I have split my thoughts into four parts, Scope, Methodology, Outputs and Training:
- Scope: what do we mean by therapeutic area? Is it a core of definitions, some meaningful subset? These simple questions then lead to thoughts about versions and increments. It strikes me that we will never be able to deliver the complete scope of an area in one release. Also with a large number of areas being worked upon in parallel, are we in danger of flooding the user community? Can the FDA cope with the flood? Scoping is therefore important as are the release cycles and mechanisms.
- Methodology: We need a methodology that delivers consistent structuring of definitions. I also want to understand the methodology so that I can develop content using it. This allows me to develop consistent content that I could also feed it back to the user community in an immediately useable structure. We simply cannot afford to have differences in the structure of the definitions.
Also, these definitions will, in the long run, need to be placed into a repository; the industry metadata repository. If definitions are not structured consistently then we will hit problems when we try and load them into such a repository. Also any tools developed to process the data based on the definitions will have problems with inconsistent structuring of definitions.

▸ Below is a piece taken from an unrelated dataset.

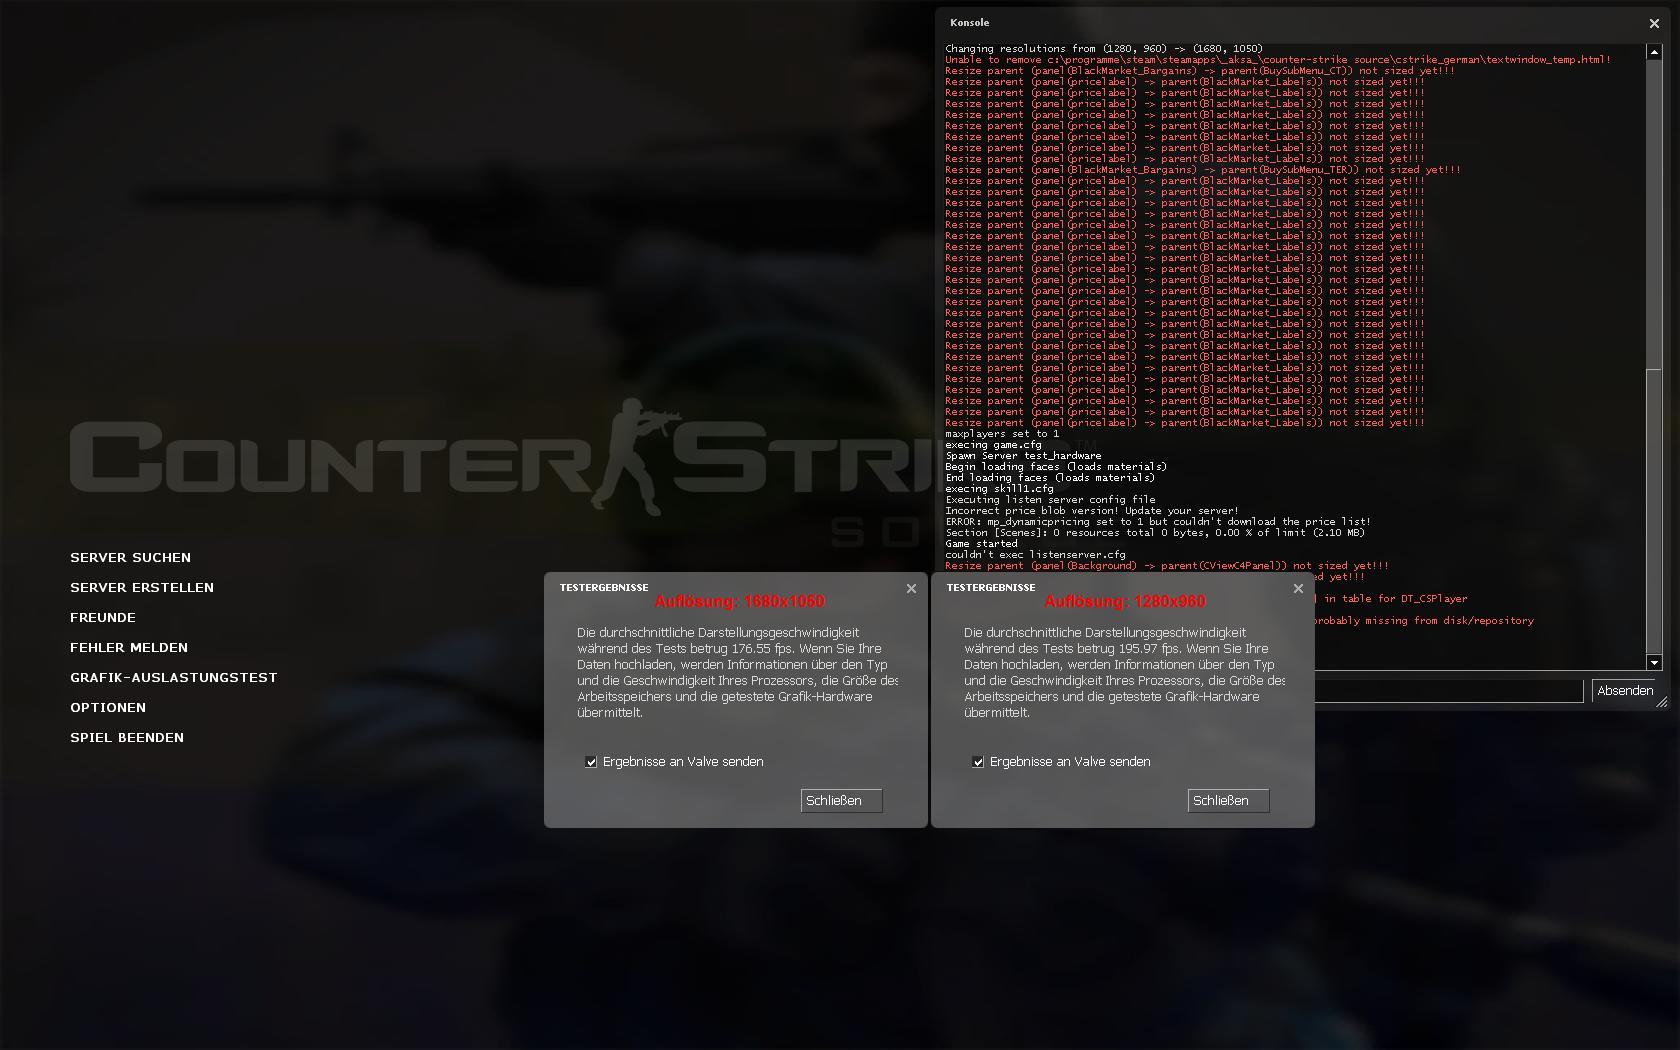 FPS immer konstant - egal welche Auflösung oder Detailstufe ...

- Tools: This in turn leads to the need for tools so as to manage the consistent structuring of the definitions but also to manage the sheer amount of work needed. The tools do not need to be complex and sophisticated. We can manage with MS Excel tools in the first instance to get us going quickly and ensure that definitions are structured according to a methodology that brings consistency across the therapeutic areas. What we need to do is decided quickly what the structures are, how best to represent them, some simple tools to help manage them to get us going. Tools can also validate the content checking for consistency and completeness; does the content make sense and have we have filled everything in.
- Outputs: We must have high quality outputs
- Consistent – The outputs across therapeutic areas must be consistent within themselves and across the areas. This is something that has not been the case in the past.
- Complete – The outputs must be complete. We cannot have incomplete terminology or any other item for that matter. To have such results in a non-standard.
- Useable – The outputs must be usable. To be useable they must include not only a human readable forms (e.g. PDF) but also a machine readable forms such that a user can read into, or transform into a form suitable for reading into, their systems so as to gain immediate benefit. These formats will also allow sharing. If we have machine readable forms the human readable forms (PDFs) can be automatically generated.
- Training – We need to train people in the methodology and the tools so as to deliver the attributes discussed above. Without such training we will have great variation in the structure and quality of the deliverables.
None of this is easy. But clarity of thinking around the methodology and tools to support such will pay great dividends. They tools, in the first instance, do not need to be sophisticated. What we do need is the 10, 20 or whatever the number of people working on the project need to understand is what they are producing and why, they need to understand the methodology and be advocates for it.
The views expressed within this post are mine and do not represent the views of any organisation I volunteer for or client that Assero is employed by.